# What you are asked to do:
When you transcribe the lines below, keep every word the same and leave the pictures behind.
** Data provided follows **
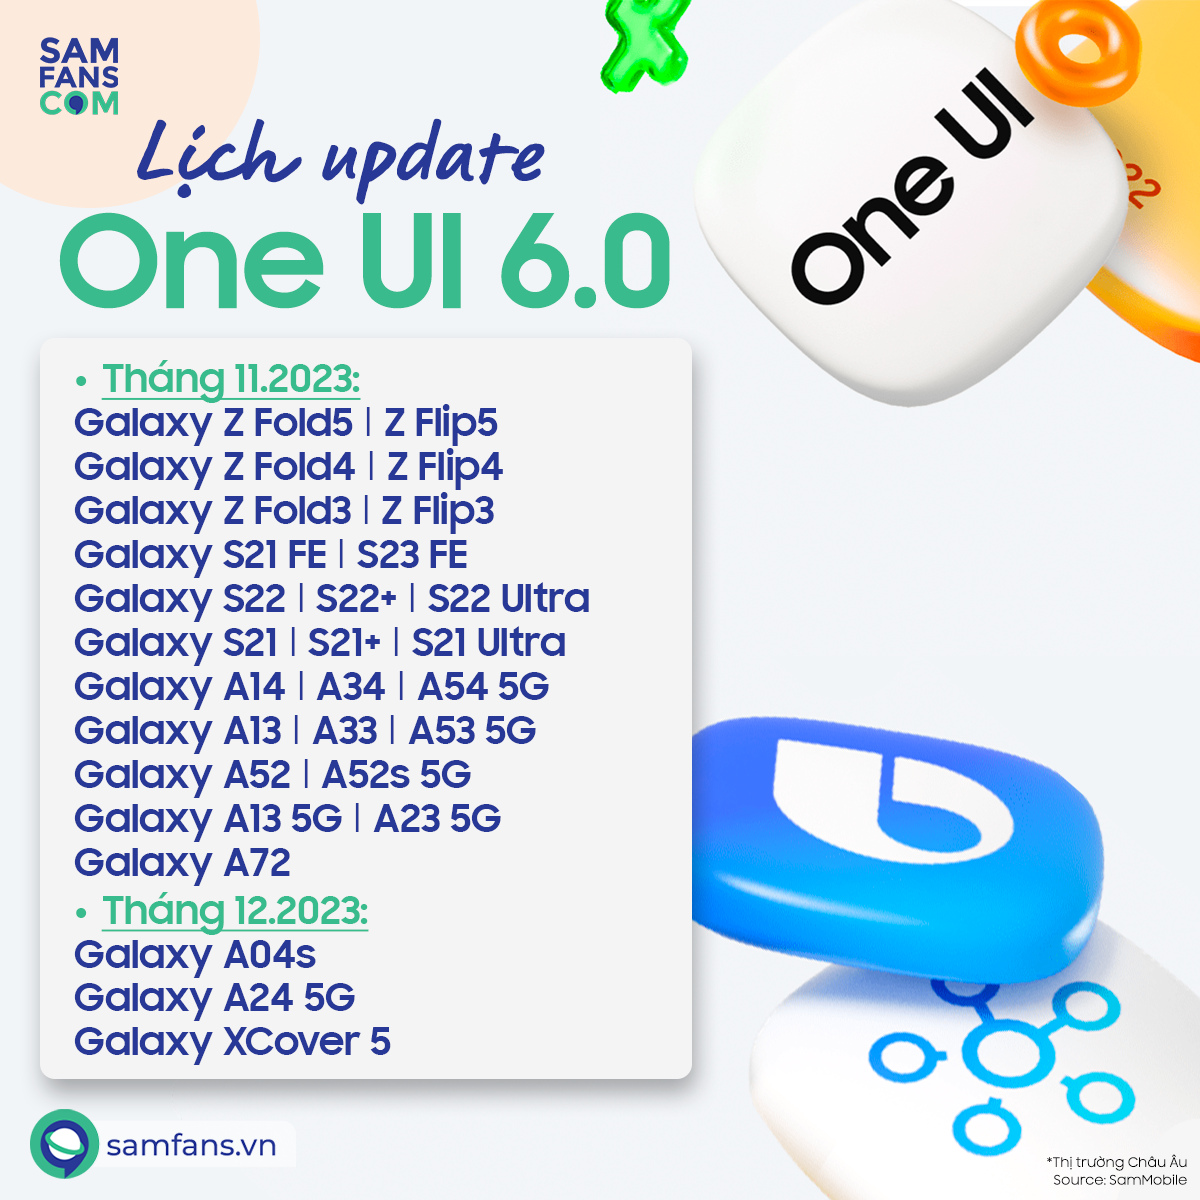 Lịch trình update One UI 6.0 chính thức cho các thiết bị Galaxy tại Châu Âu - 1699934352
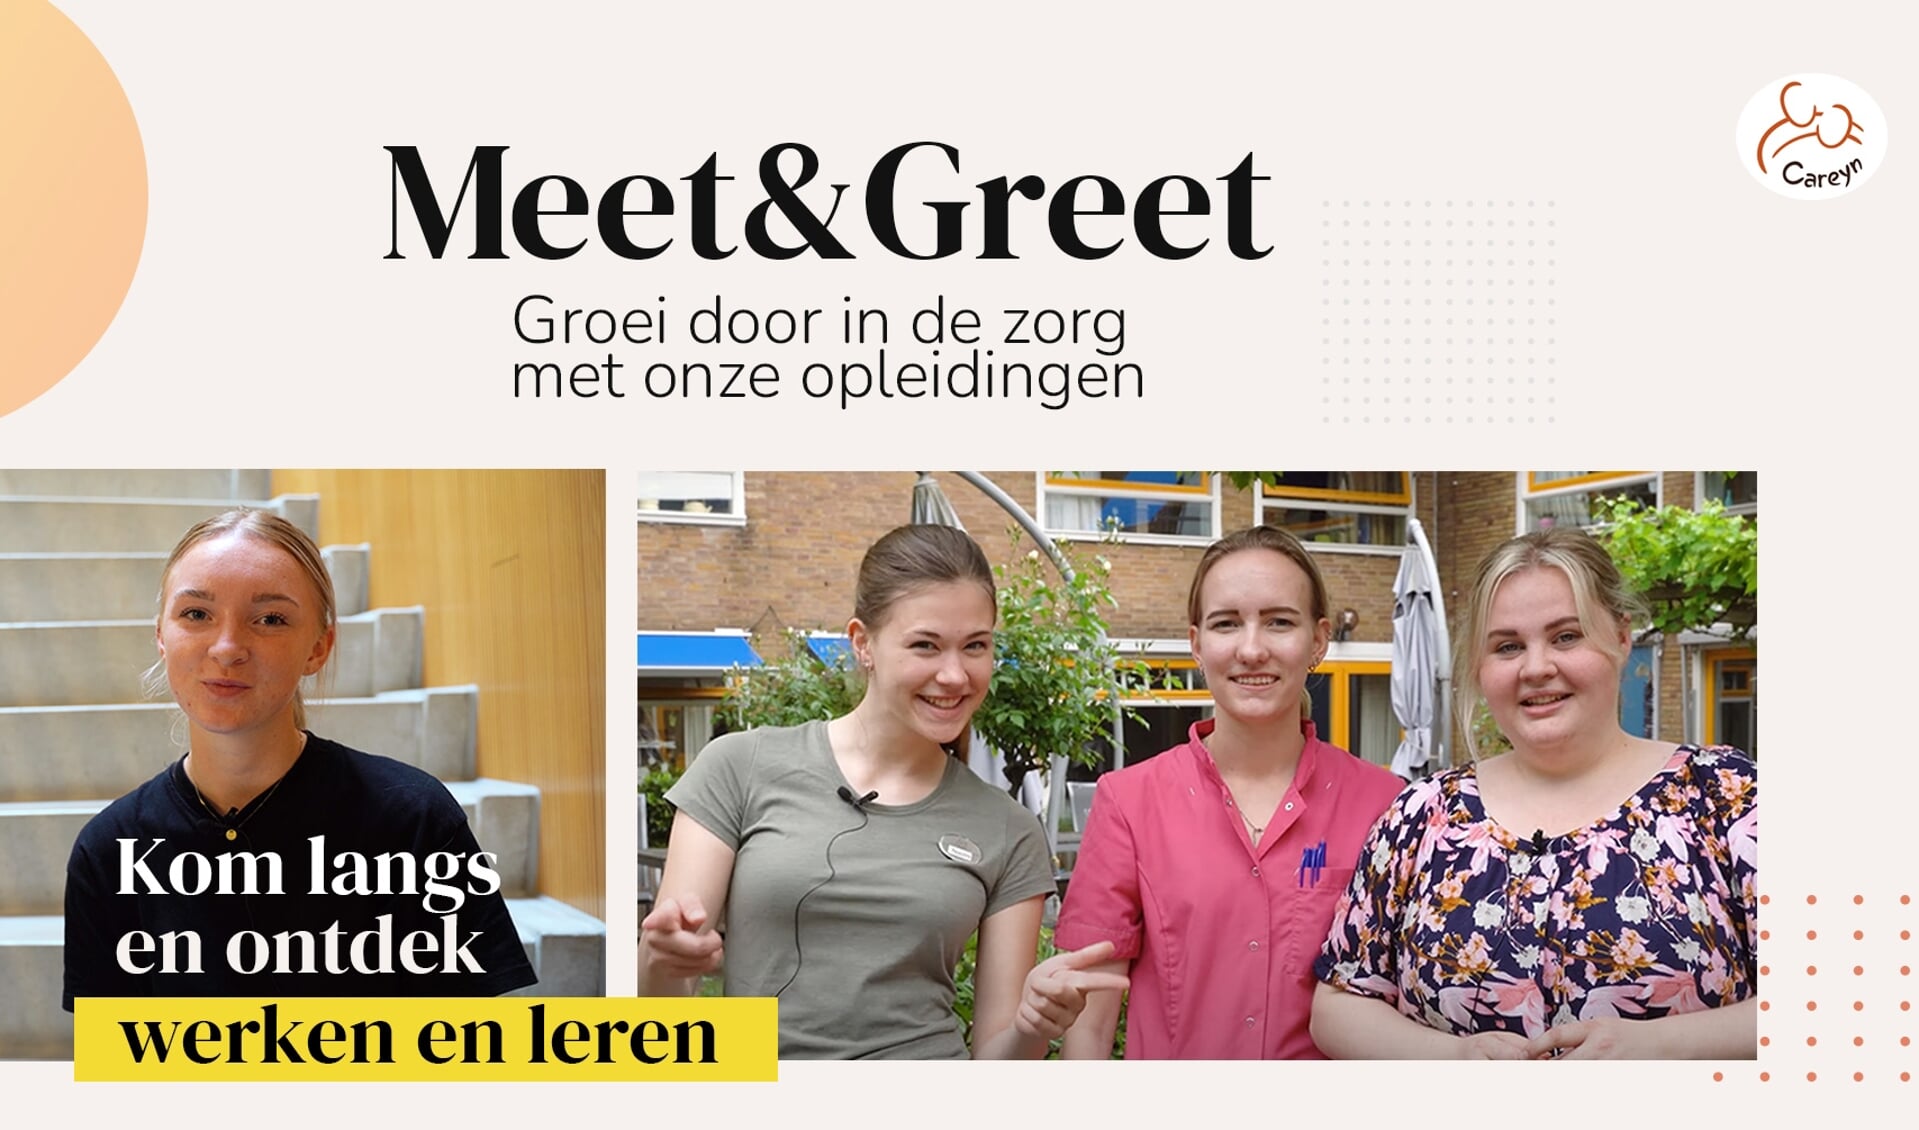 Meet & greet van Careyn in Vlaardingen.
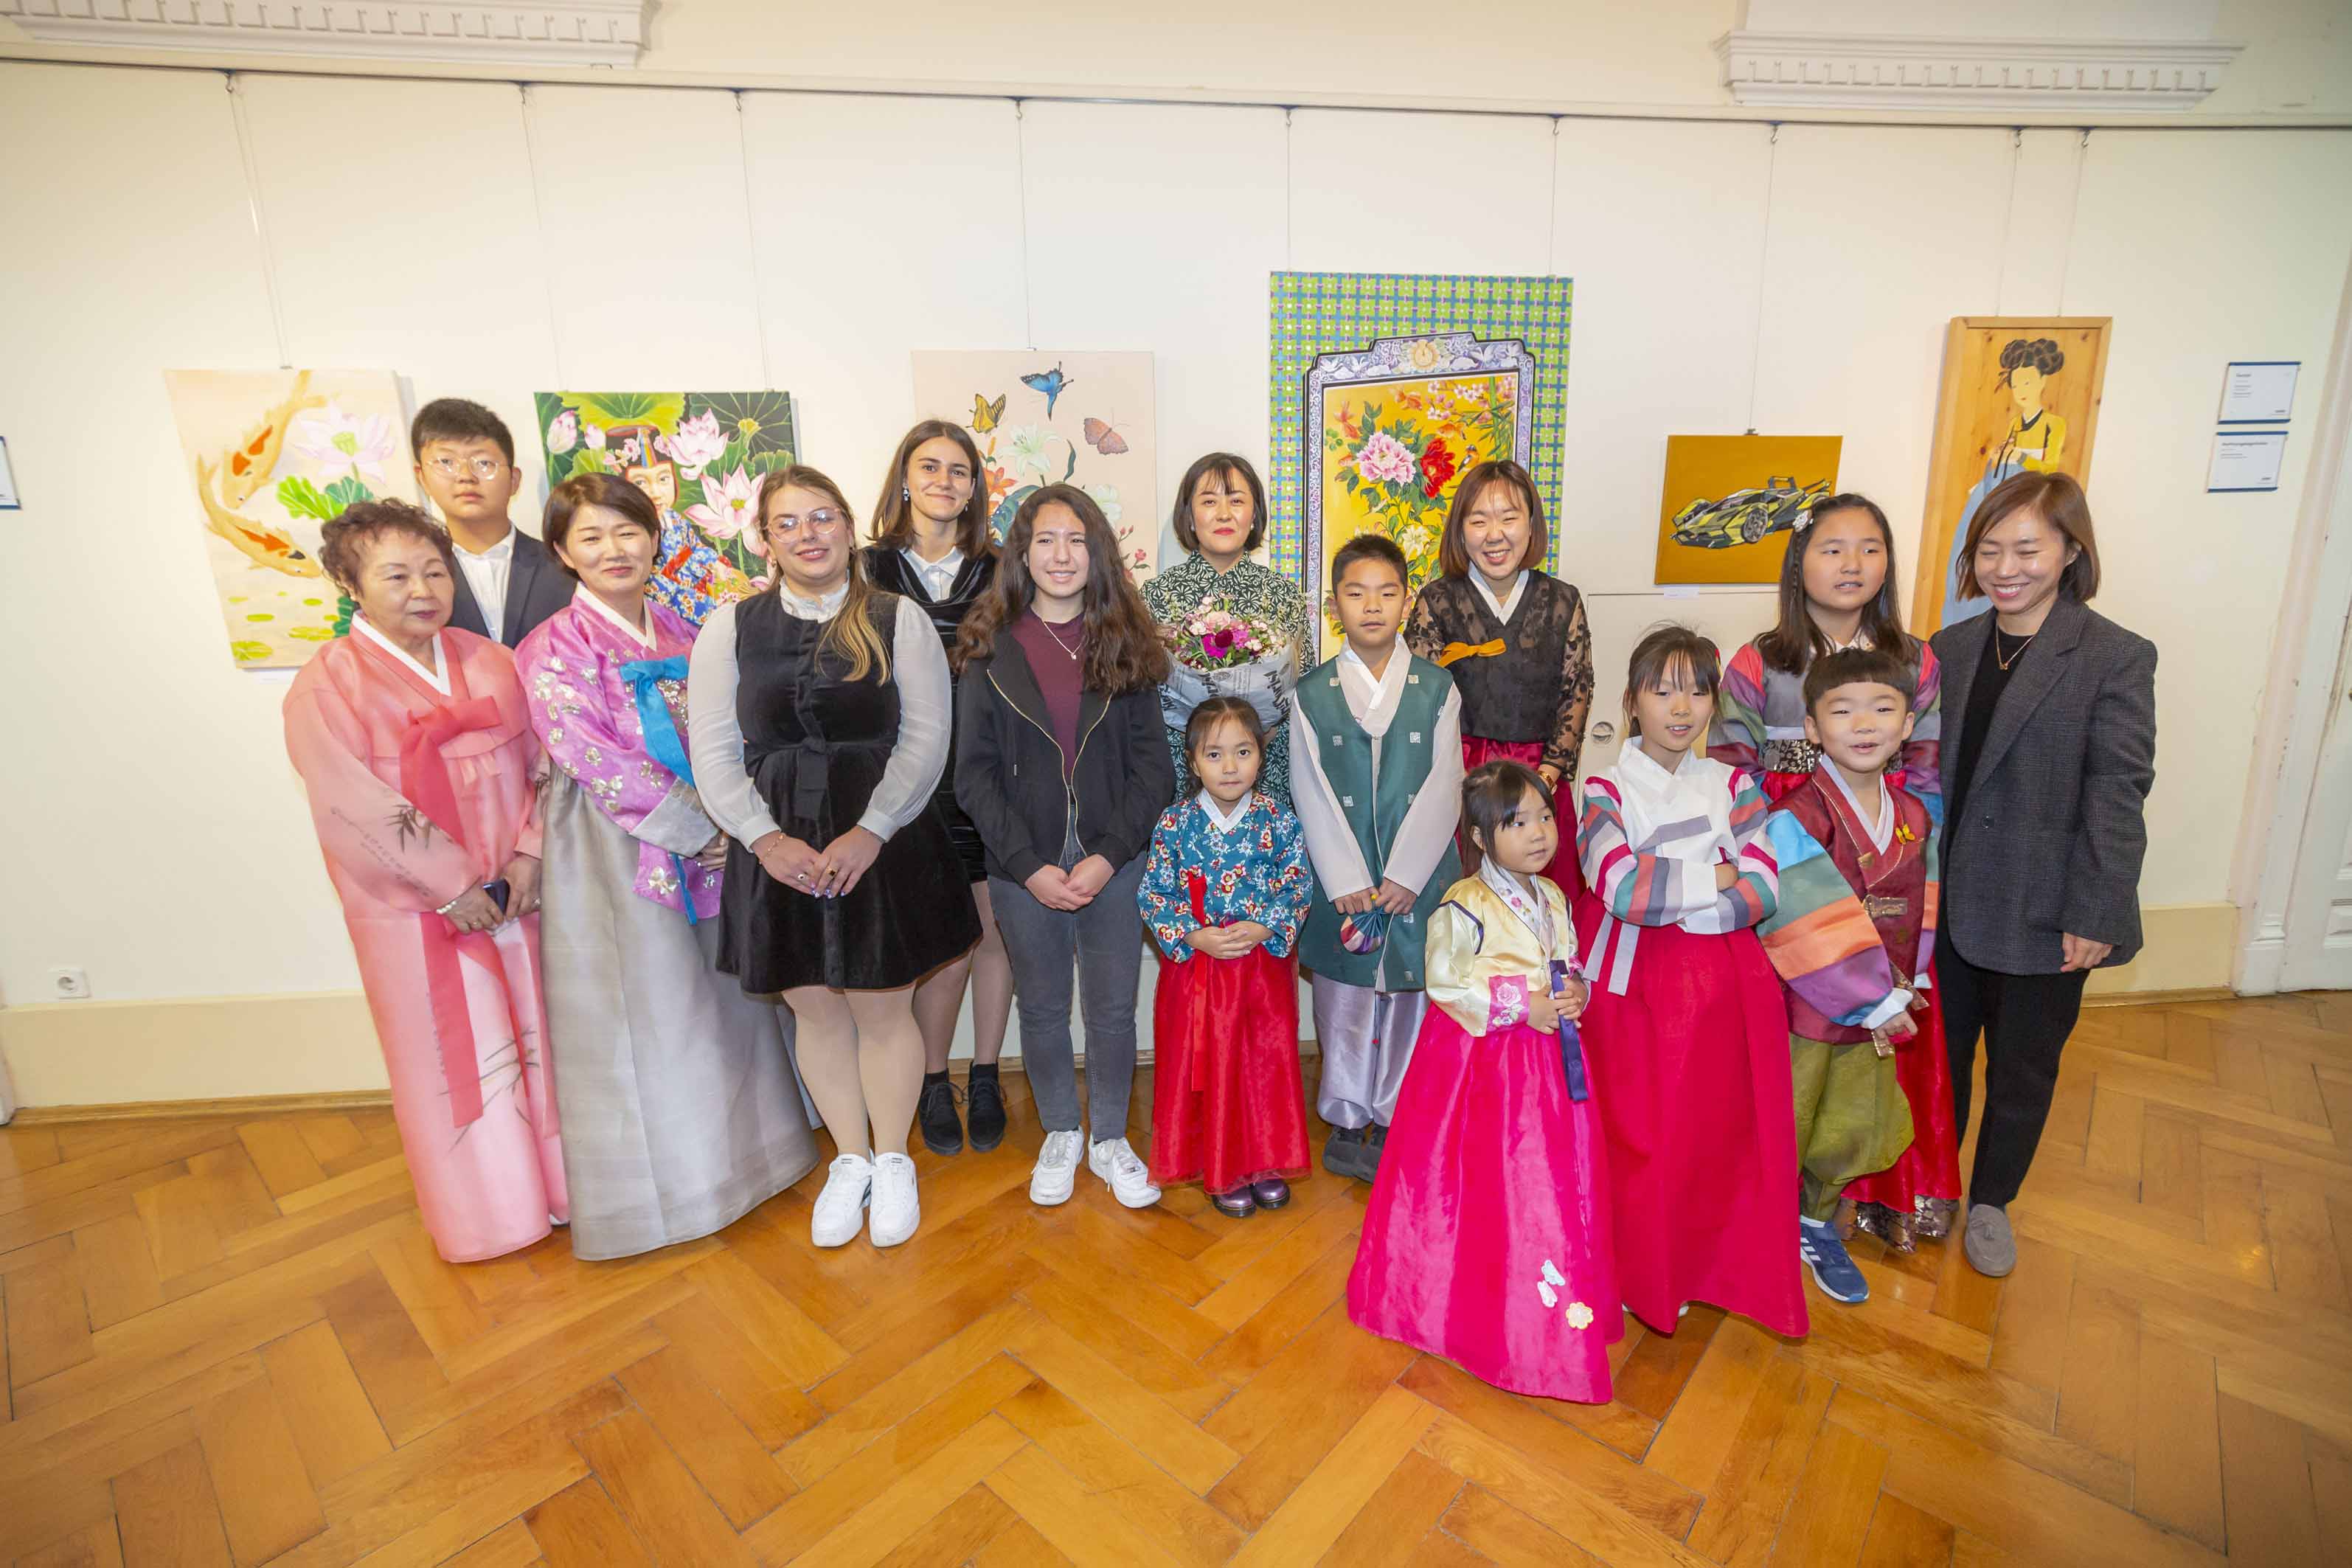 Einblicke in ihre Kunst geben die Schüler:innen der Korean School Graz
** End of Data provided **
# Answer to this exercise:
 Lịch trình update One UI 6.0 chính thức cho các thiết bị Galaxy tại Châu Âu - 1699934352
 Meet & greet van Careyn in Vlaardingen.
 Einblicke in ihre Kunst geben die Schüler:innen der Korean School Graz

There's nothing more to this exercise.